**What needs to be done:** Quote, word for word, only the lines running from the line with "レースクィーントイレ盗撮!Vol.11 美しいOLの裸体 おまんこ無修正動画無料" through the end of the listing. Leave out the pictures.

**Recorded data:**

==================================================

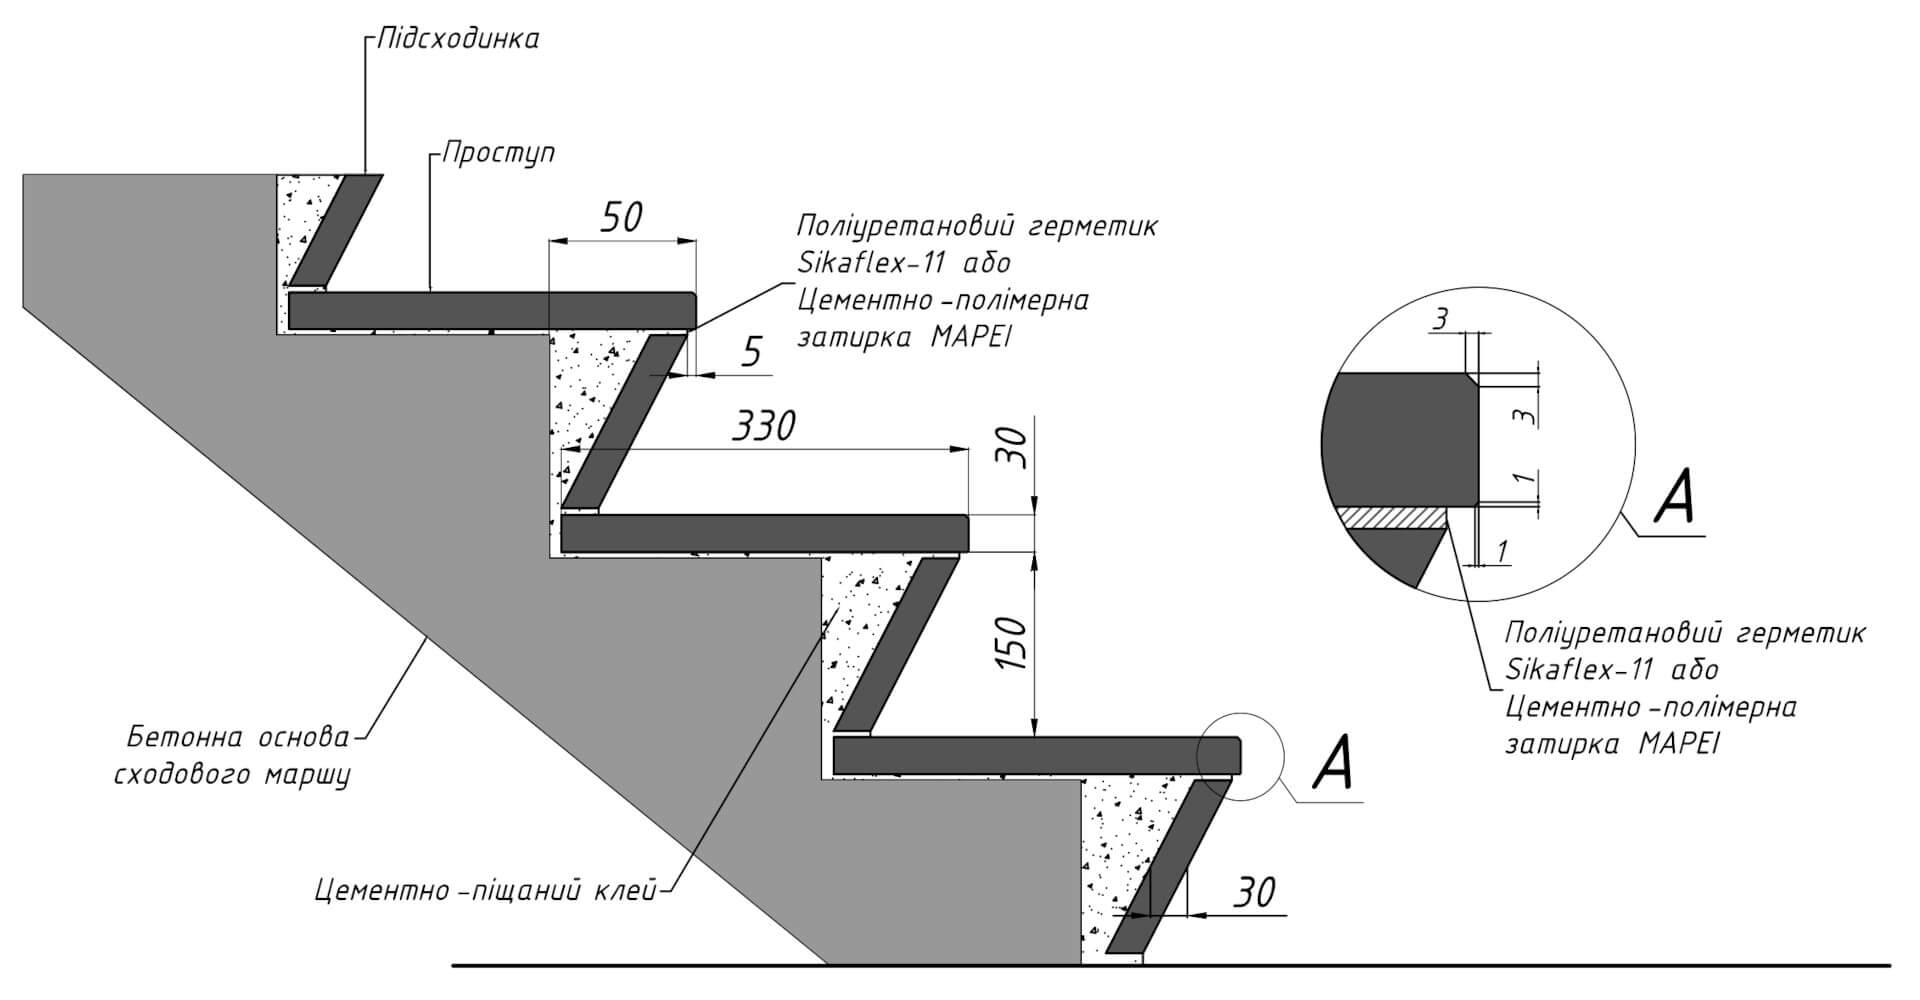 Креслення складального вузла гранітних сходів
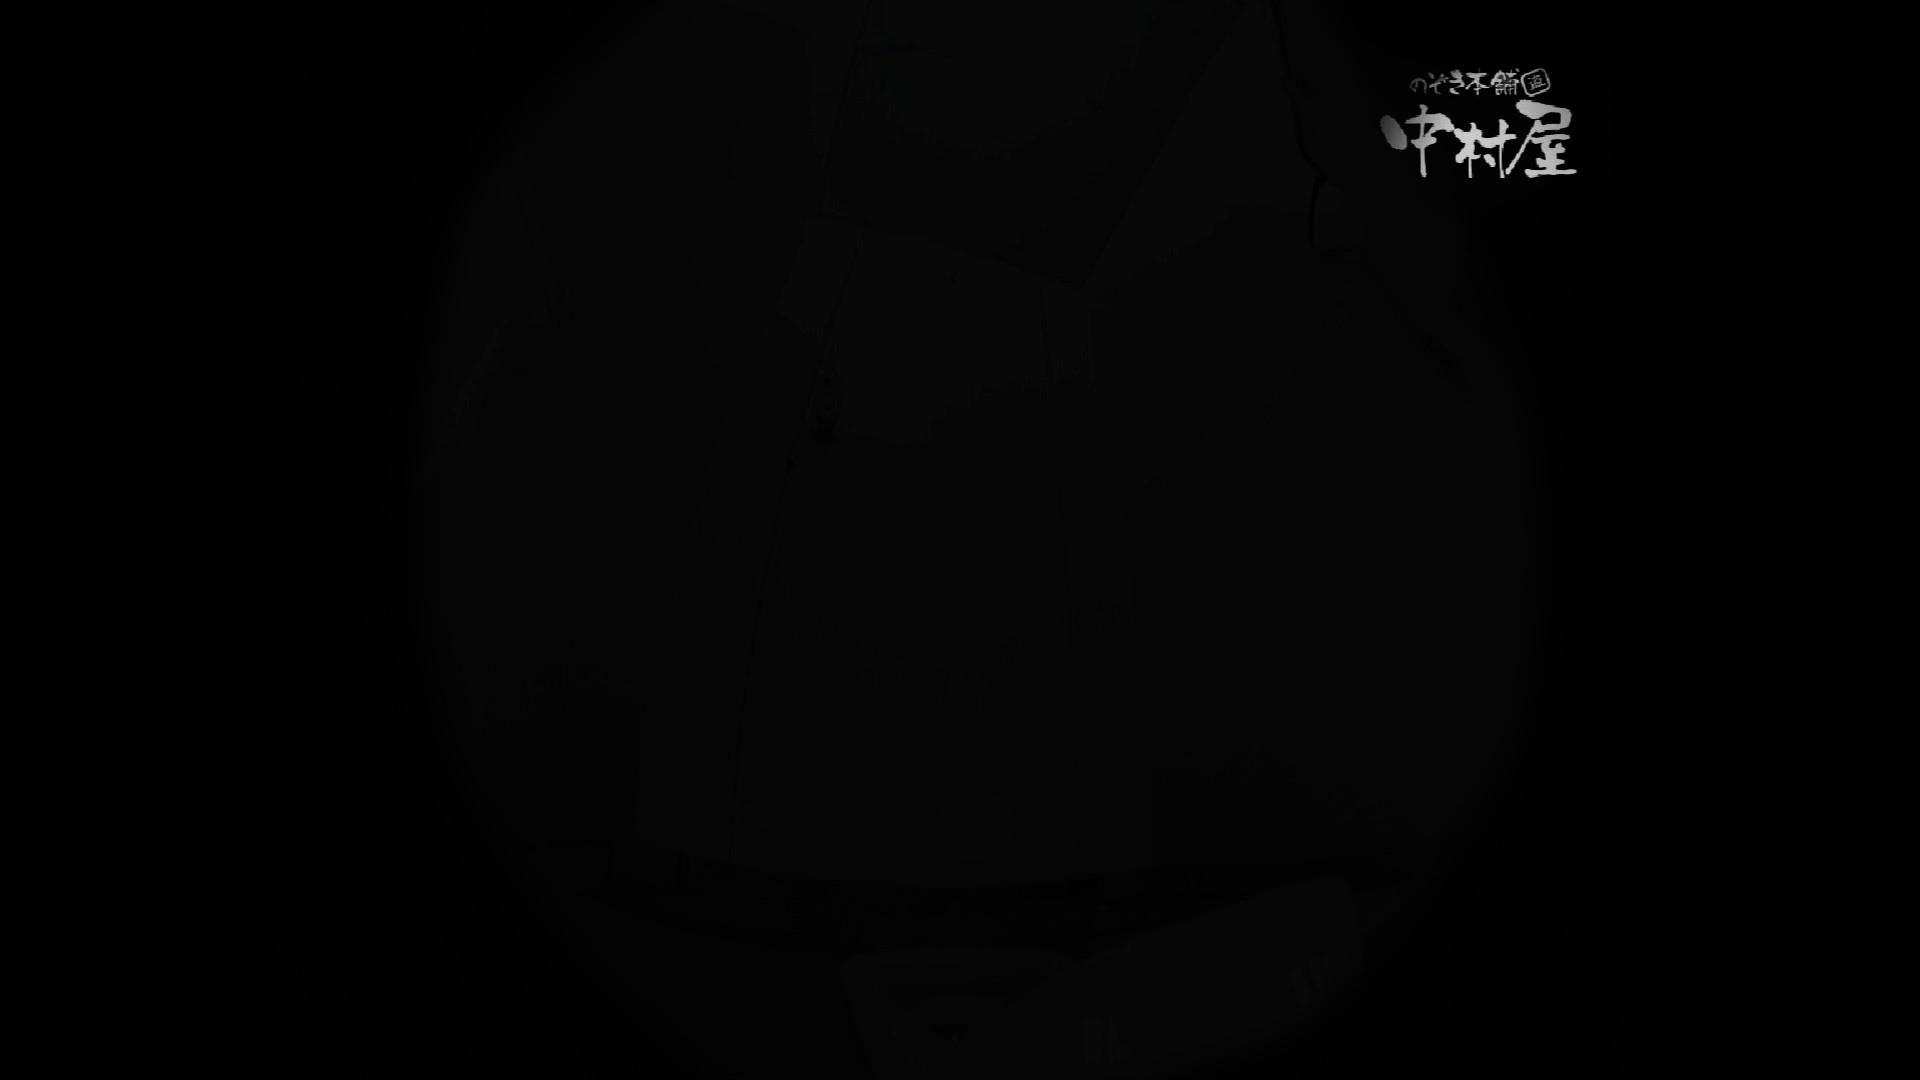 レースクィーントイレ盗撮!Vol.11 美しいOLの裸体 おまんこ無修正動画無料 96pic 2
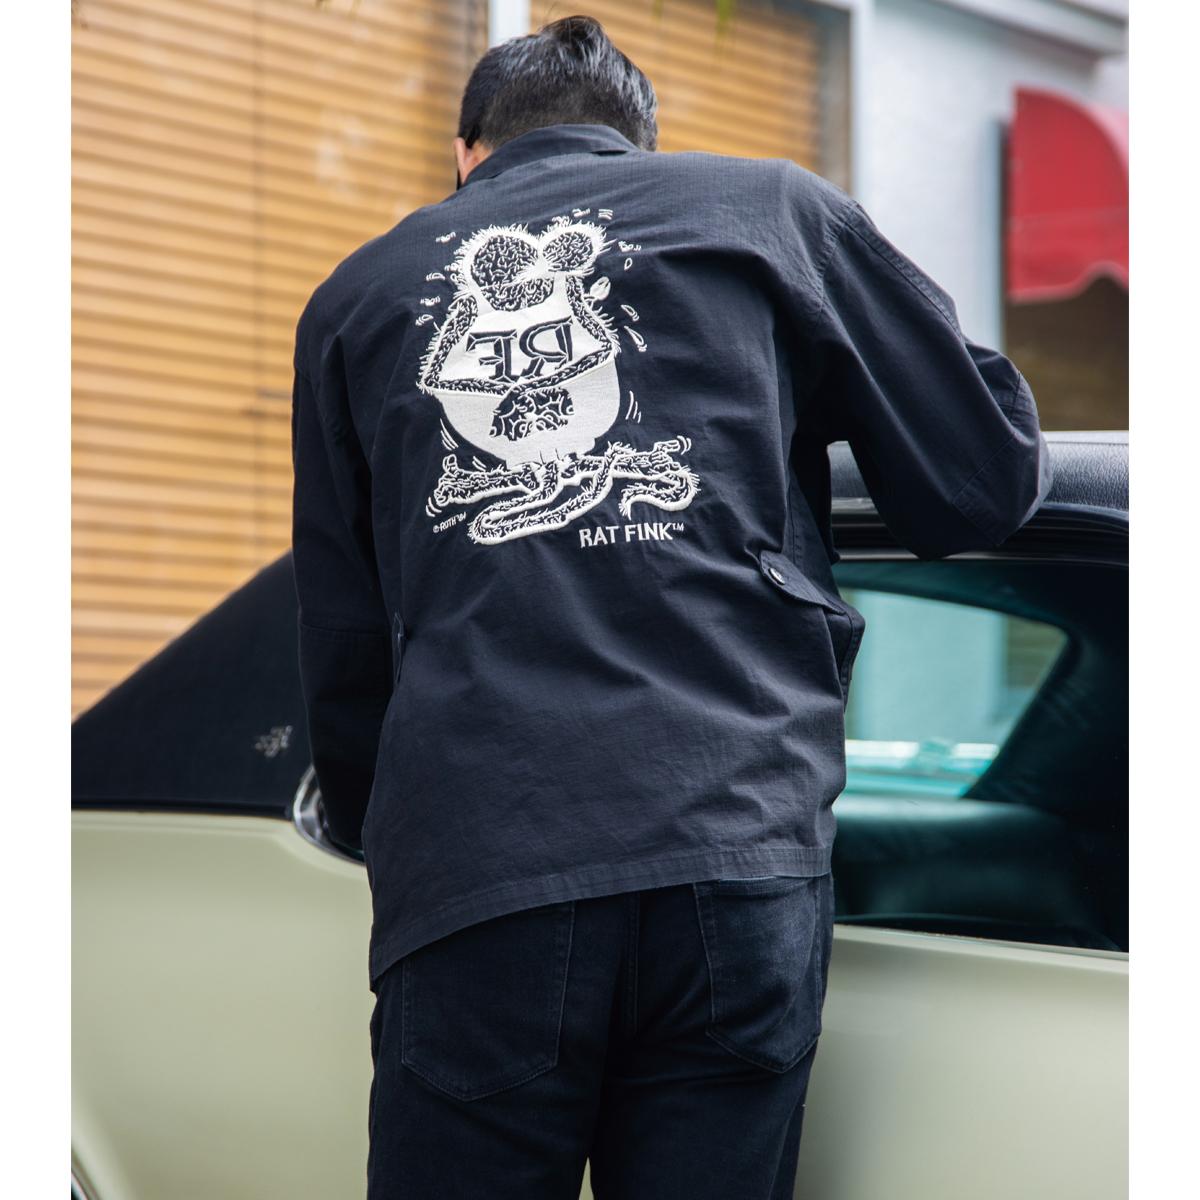 ムーンアイズ ラットフィンク ジャケット 刺繍 BDUジャケット 上着 アウター メンズ レディース 【30%OFF】Rat Fink Embroidery BDU ジャケット

==================================================

**Result of this task:**
 レースクィーントイレ盗撮!Vol.11 美しいOLの裸体 おまんこ無修正動画無料 96pic 2
 ムーンアイズ ラットフィンク ジャケット 刺繍 BDUジャケット 上着 アウター メンズ レディース 【30%OFF】Rat Fink Embroidery BDU ジャケット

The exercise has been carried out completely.